Mungkin hal ini dapat diacuhkan karena memang logis jika anda berfikir bahwa lebih mudah mengatur ekonomi sekecil Singapura daripada ekonomi Indonesia yang notabene sangat besar. Namun, Jakarta, ibukota negara yang dilengkapi dengan berbagai macam fasilitas saja hanya memiliki tidak sampai 1/3 pendapatan perkapita Singapura yaitu 17.374 Dollar Amerika Serikat per-2017. Jadi dapat kita simpulkan secara kasar bahwa daerah dengan ekonomi paling baik di Indonesia hanyalah tidak sampai 1/3 makmurnya Singapura.
Sekarang telah digambarkan secara cukup mendetail perbandingan ekonomi Indonesia dan Singapura, perlu kita telusuri dari mana asal ekonomi yang ciamik ini. Mari kita tengok kembali Singapura di masa lampau. Singapura dahulu merupakan koloni Inggris yang dijadikan tempat perhubungan dagang, namun setelah Inggris gagal mempertahankan kedaulatan Singapura pada Perang Dunia II ketika Jepang menyerang, Inggris kehilangan kredibilitas secara signifikan di mata rakyat Singapura.
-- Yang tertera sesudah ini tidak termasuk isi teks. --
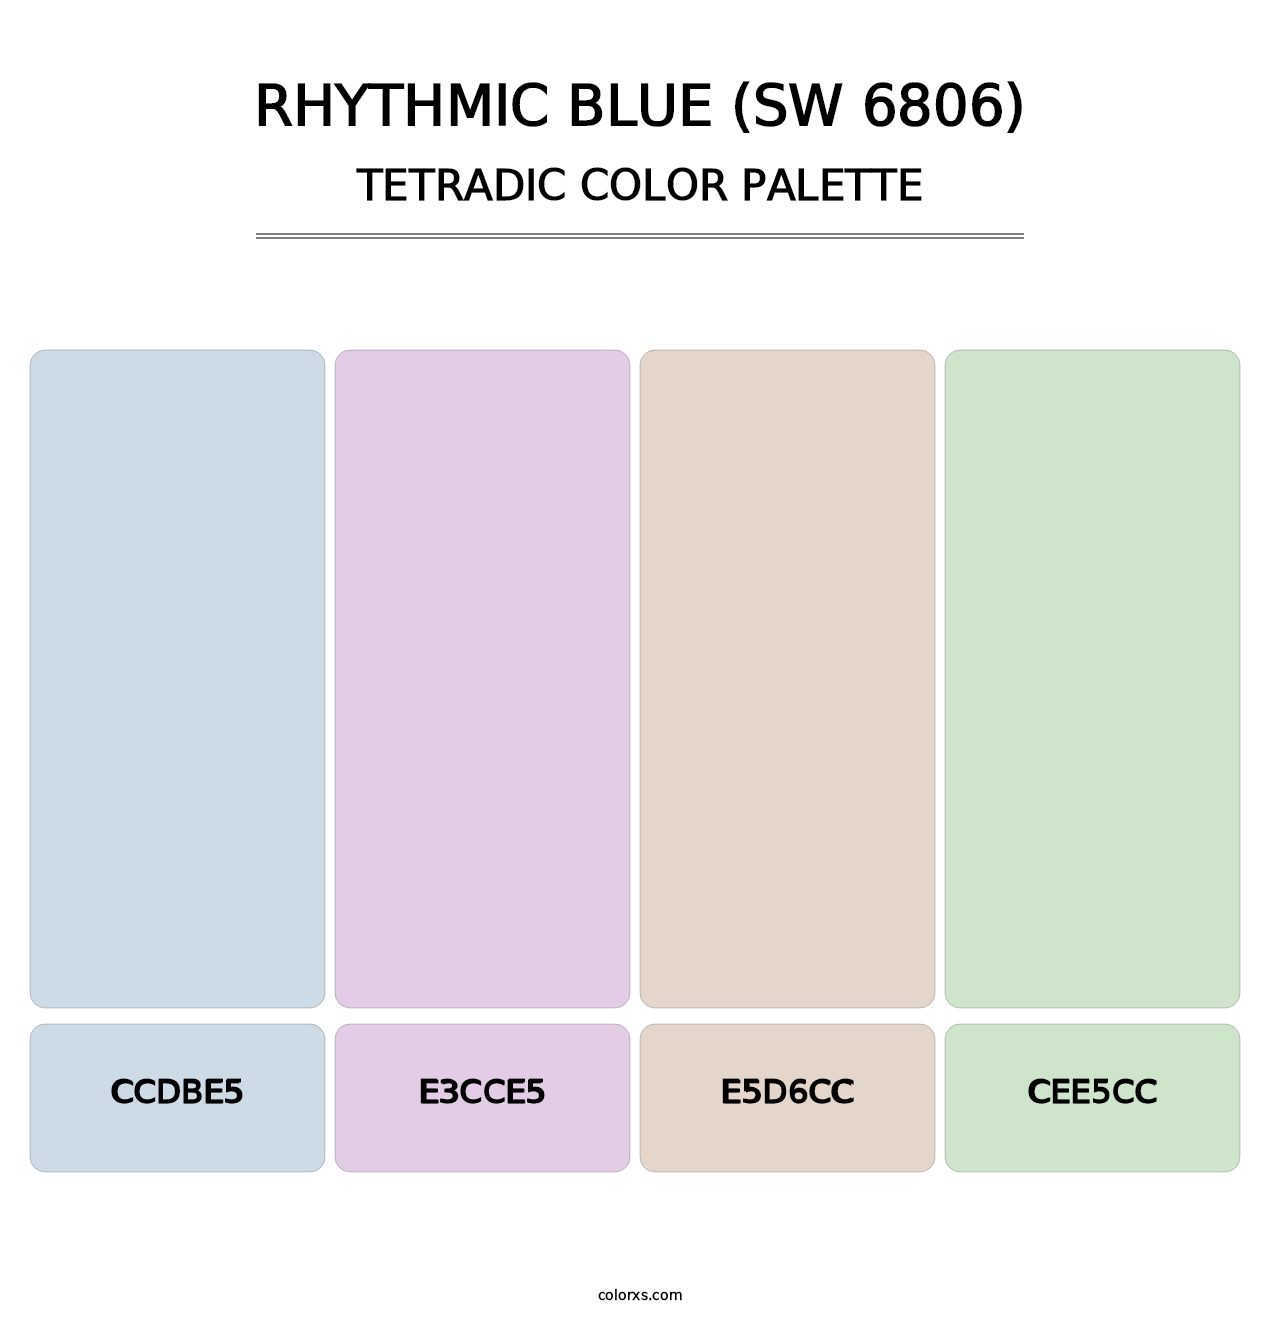 Rhythmic Blue (SW 6806) - Tetradic Color Palette

Terjadilah usaha-usaha untuk memisahkan diri dari koloni pada 1950an, di mana pada tahun 1959, Partai Tindakan Rakyat memenangi eleksi dengan mengusung seorang bernama Lee Kuan Yew sebagai Perdana Menteri. Setelah terjadi merger atau penyatuan dengan Malaysia, Lee Kuan Yew memimpin Singapura untuk memerdekakan diri pada 1965, semenjak itu beliau dikenal sebagai Bapak Bangsa dan juga tokoh yang memakmurkan negara Republik Singapura.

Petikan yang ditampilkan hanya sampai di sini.